Last week, we detailed how Vincor had evolved, from strength to strength, to dominate Ontario wine sales. After acquiring vineyards in B.C., Quebec and Ontario, Vincor, along with Andrew Peller Ltd., were given further leverage when they were granted licences for off-site retail stores (usually located at the exit of major grocery chains). Today, Vincor operates 164 outlets called “The Wine Rack,” Andrew Peller Ltd. operates 104 outlets named “The Wine Store,” and smaller wineries own 24 other wine shops.

These licences were grandfathered into the NAFTA accord, which prohibits any further expansion in this market niche. Unlike The Beer Store, these wine stores can only retail their own brands—some of which can contain as much as 75 per cent foreign wine blended with Ontario wine. It is like a wine version of the CRTC—assuring some Canadian content is available in the larger consumer market. Like The Beer Store, however, the size and number of off-site wine stores attracted the attention of foreign buyers. In 2006, the shareholders of Vincor voted to become a subsidiary of Constellation Brands, a major wine and spirit company based in New York.

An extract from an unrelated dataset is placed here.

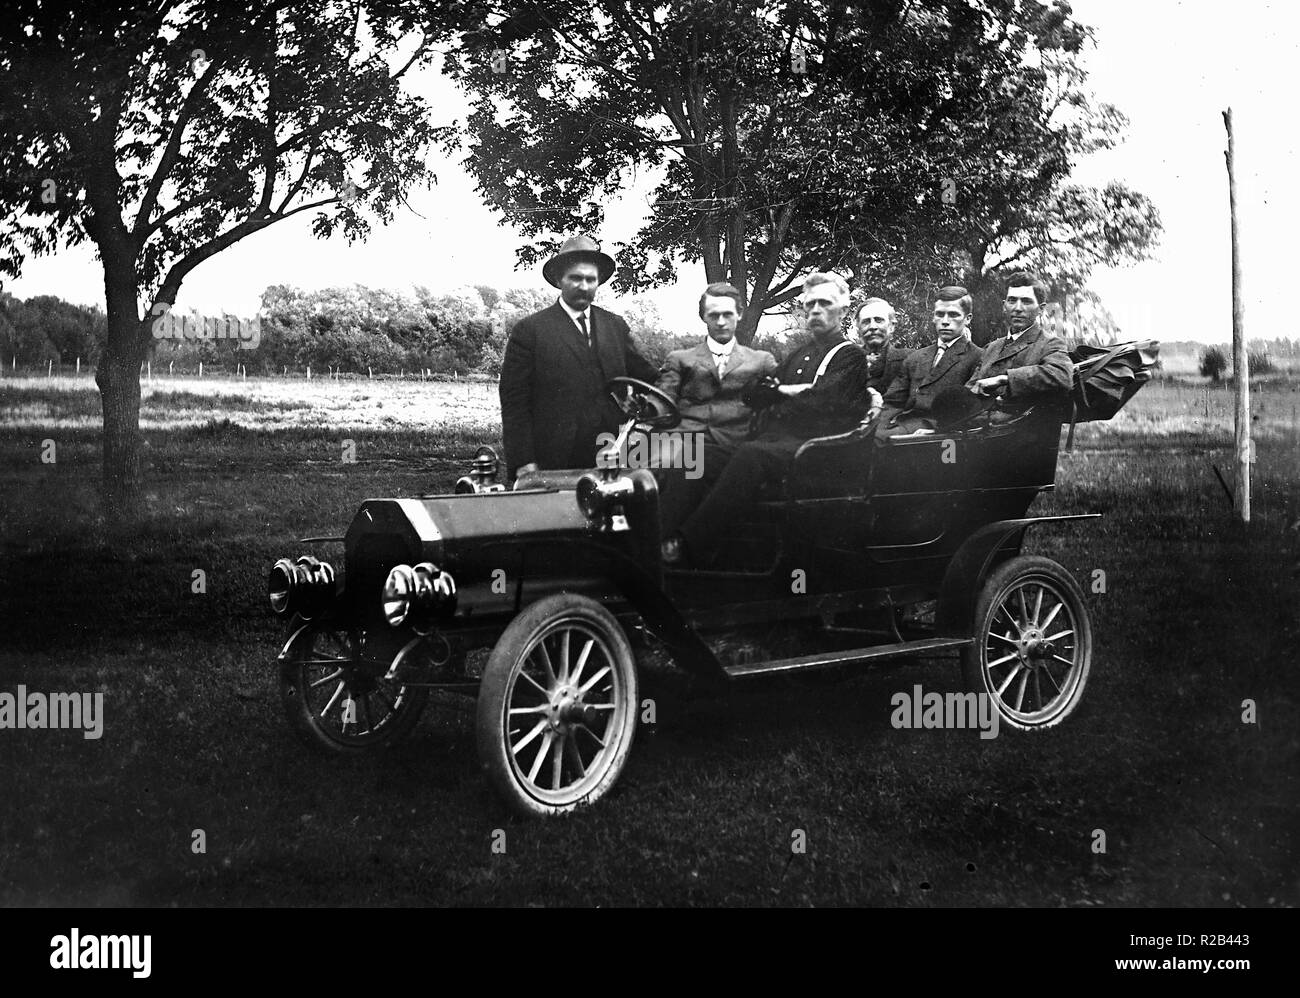 Tutti i ragazzi sono pronti a fare un giro nel loro nuovo, moderno, periodo automobile, ca. 1910. Foto Stock
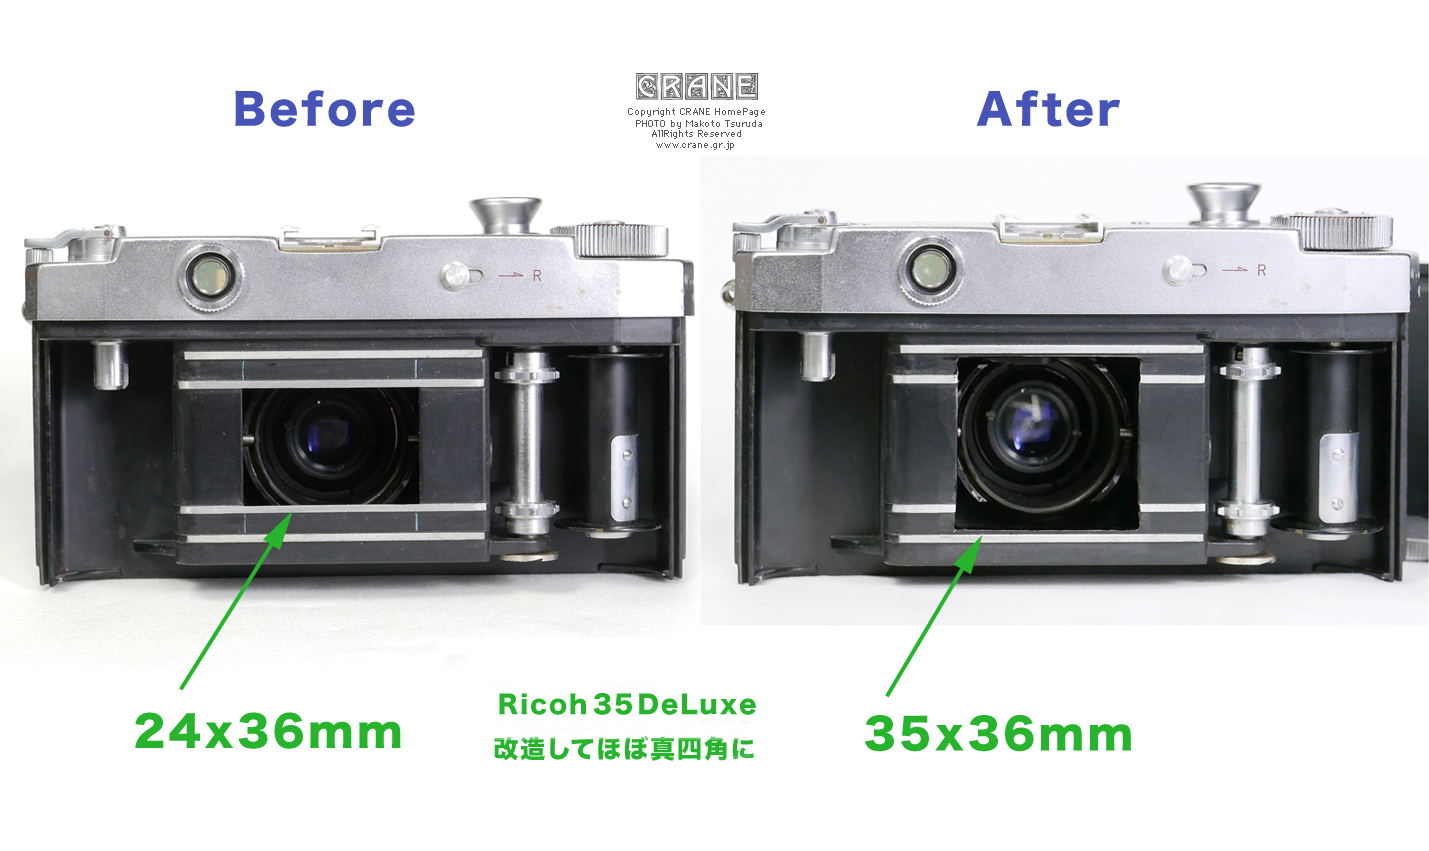 CRANE/私的素敵頁 拡張フォーマット改造カメラ Ricoh 35 DeLuxe 広く

The blending of off-shore and domestic wine was initially allowed to assist a struggling local wine industry. These specialty wine shops were therefore taxed at a low rate of 16.1 per cent (which they continue to enjoy). Wines sold through the LCBO are currently taxed at 66.5 per cent, so you can imagine the Ontario Treasury is taking a hard look at these licences. Continuing to favour major international conglomerates with preferential market positioning is the result of strong lobbying and weak government policy. In today’s fiscally challenging time, however, I am confident that the present government will consider taxing this hitherto golden goose.

I have always supported the simply great wines that are produced in Ontario. If I want a Chilean or Californian wine, however, I usually purchase such wine from the LCBO Blending local with foreign bulk product— while good for the bottom line—does little to favour the reputation of our Ontario wine industry.

THIS WEEK’S PICK
This week, I was seduced by a delightful 2015 Gewürztraminer crafted by the talented Rob Peck of Sugarbush Vineyards.

The wine is a cornucopia of aromatics, showing traditional rose petals and freshly peeled lychees that continue on the palate. The wine has a delightful suggestion of black licorice on the end, which makes this wine so very pleasant.

Available at the winery on Wilson Road (and also at the LCBO), it costs $18 per bottle.